The Need to Know

It has always amused me when I’m watching a fictional story (TV show, movie, national news) when one of the characters is asking the relevant questions and they’re told that they can’t be given those answers because that information is available only on a ‘need to know basis’.  The Truth is always Classified. The reality of a situation is above their pay grade. The character and the audience both know that whatever that something is, whatever is being kept secret, isn’t flattering (mildly phrased) to someone. Someone has something to lose. Someone is protecting someone or something. From the truth.

Of course, this is all in the fictitious arena of entertainment…and the nightly news. I include the nightly news because, on a daily basis, people in that business are making editorial decisions as to what it is they think that we, the people watching, need to know. They choose which stories to run, which to quash, which to follow up on and which to let fade away. Decisions are made that reflect their judgment as to what we need to know and what they think will drive revenue. Decisions that we will never know about. Moreover, we won’t ever know the true basis for their decisions. Even the people within that business are informed on a need to know basis. Pursuing the truth can cost you your job, perhaps your career.

I mention this because we forget sometimes. Quite often actually. We forget that when we enter a stage or movie theatre, one of the requirements of the audience is to bring “a willing suspension of disbelief “. Otherwise, we wouldn’t enjoy the show, the story, the acting and the drama. We would simply be sitting there telling ourselves and each other that none of what we’re seeing is real, that none of what they’re saying is actually true. But none of that matters. We enjoy a good story so much, we’re willing to be swept away by the fiction.

That’s understandable in a theatre.

What has become increasingly confused, however, is the distinction between entertainment and information. Most of us will sit in front of the television to receive both. It was only a matter of time before we, ourselves, were no longer demanding a clear separation between the two. We, through our viewing preferences, indicated that we wanted our information to be more entertaining and our entertainment to contain more factual information. The people in that business were only too willing to oblige. After all, they’re in business to make money.

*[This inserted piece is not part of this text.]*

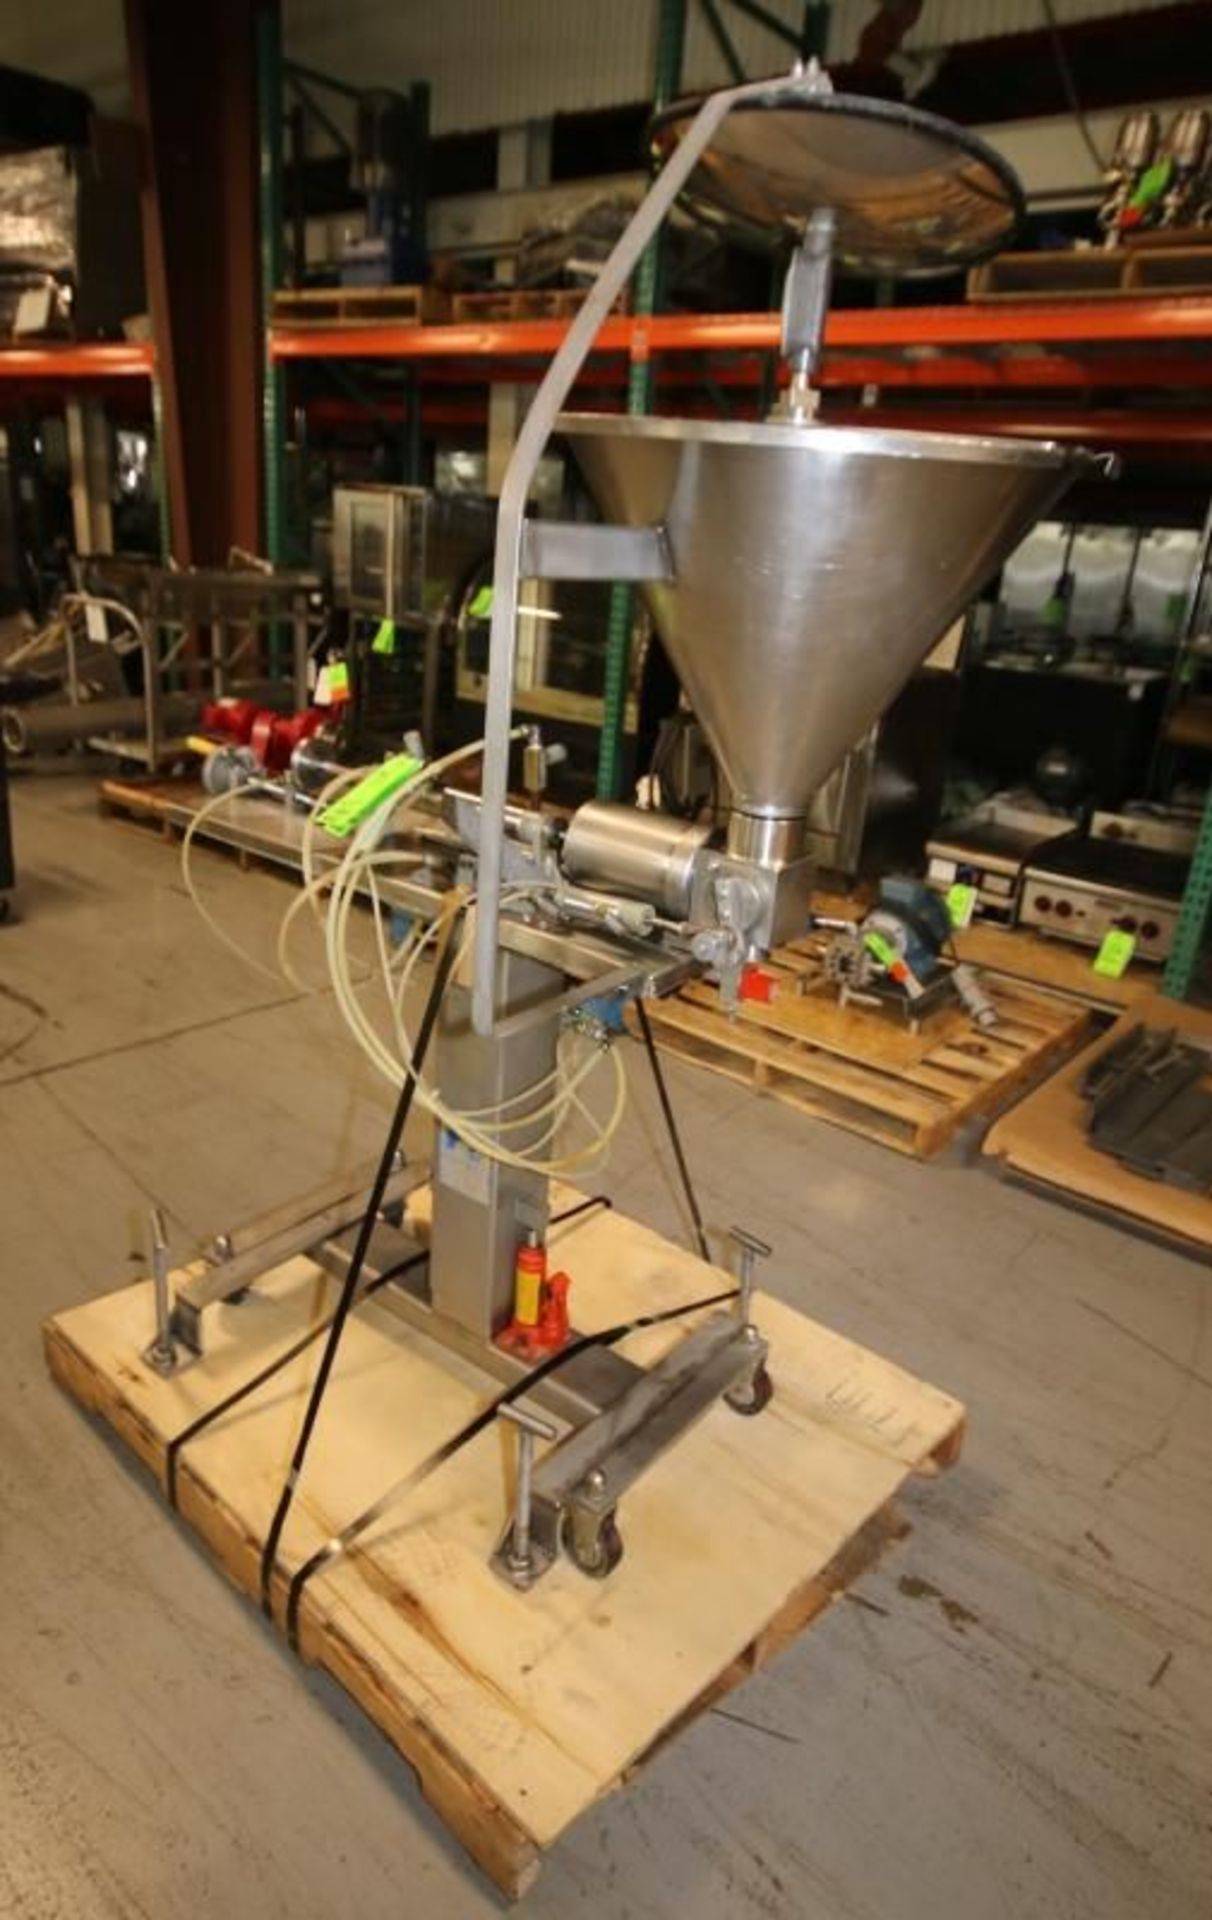 Hinds Bock Portable S/S Piston Filler / Depositor, Model SP64, SN 369, with 24" W Funnel, 1.5" CT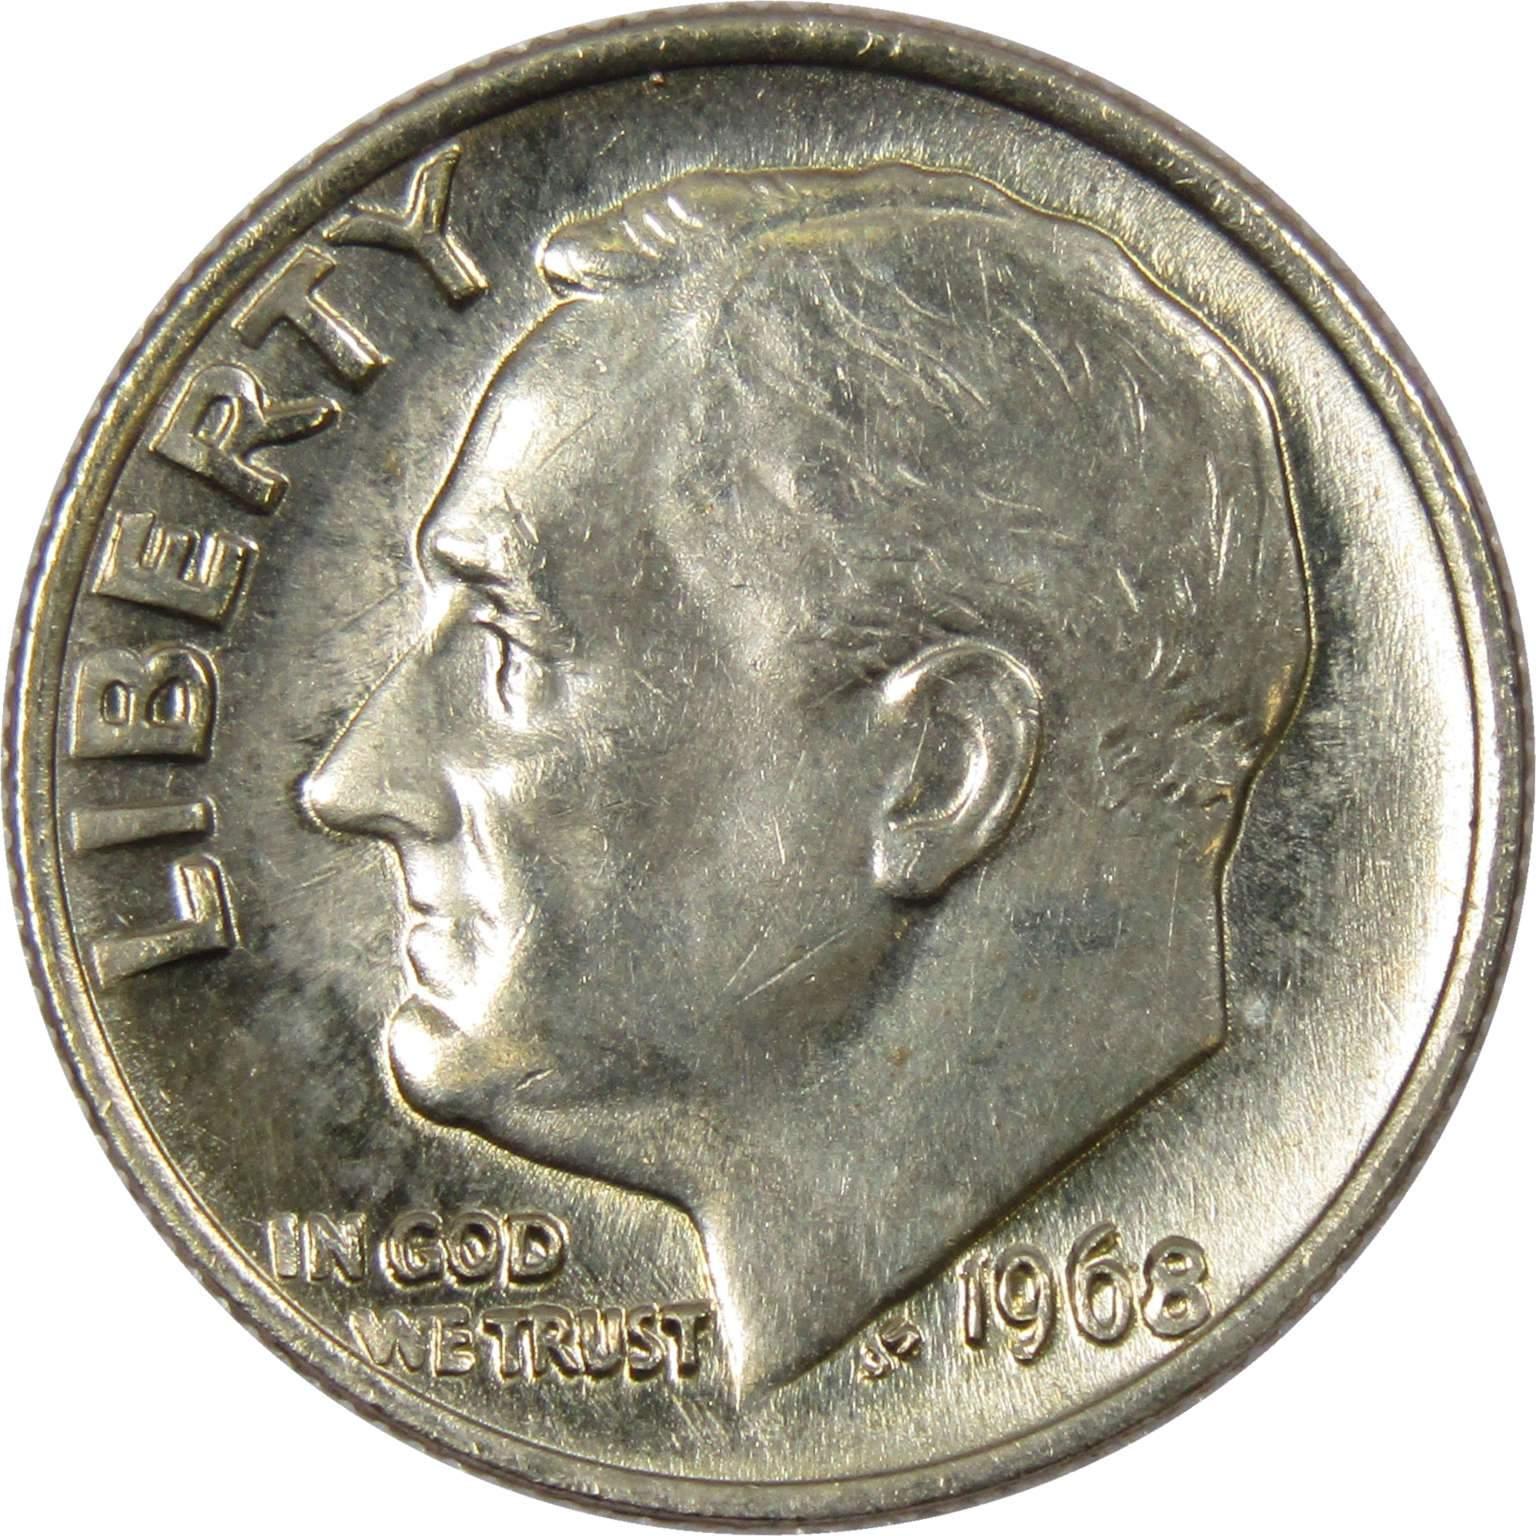 1968 Roosevelt Dime BU Uncirculated Mint State 10c US Coin Collectible

This is not an indictment. This was not a conspiracy.

But we have incrementally, and now systematically, neutralized what used to be one of the most forceful checks on the wrongdoing of institutions, governments agencies and big business. We have neutralized the outrage of an informed public because we no longer know what to believe from the primary sources of our information. They have been compromised. They do not seek to level the playing field with accurate information and full disclosure. They do not let the chips fall where they will. They are in the business of selectively steering the chips into their pockets.

Again, I must state that this is not an attack on anyone or the news media in particular. This unhealthy progression took place within the course of normal human events and situations. We, ourselves, fell asleep in front of the whole process.

All I’m asking is for you consider that, not only do we have the need to know, we have the right to know.

Our collective well being depends upon it.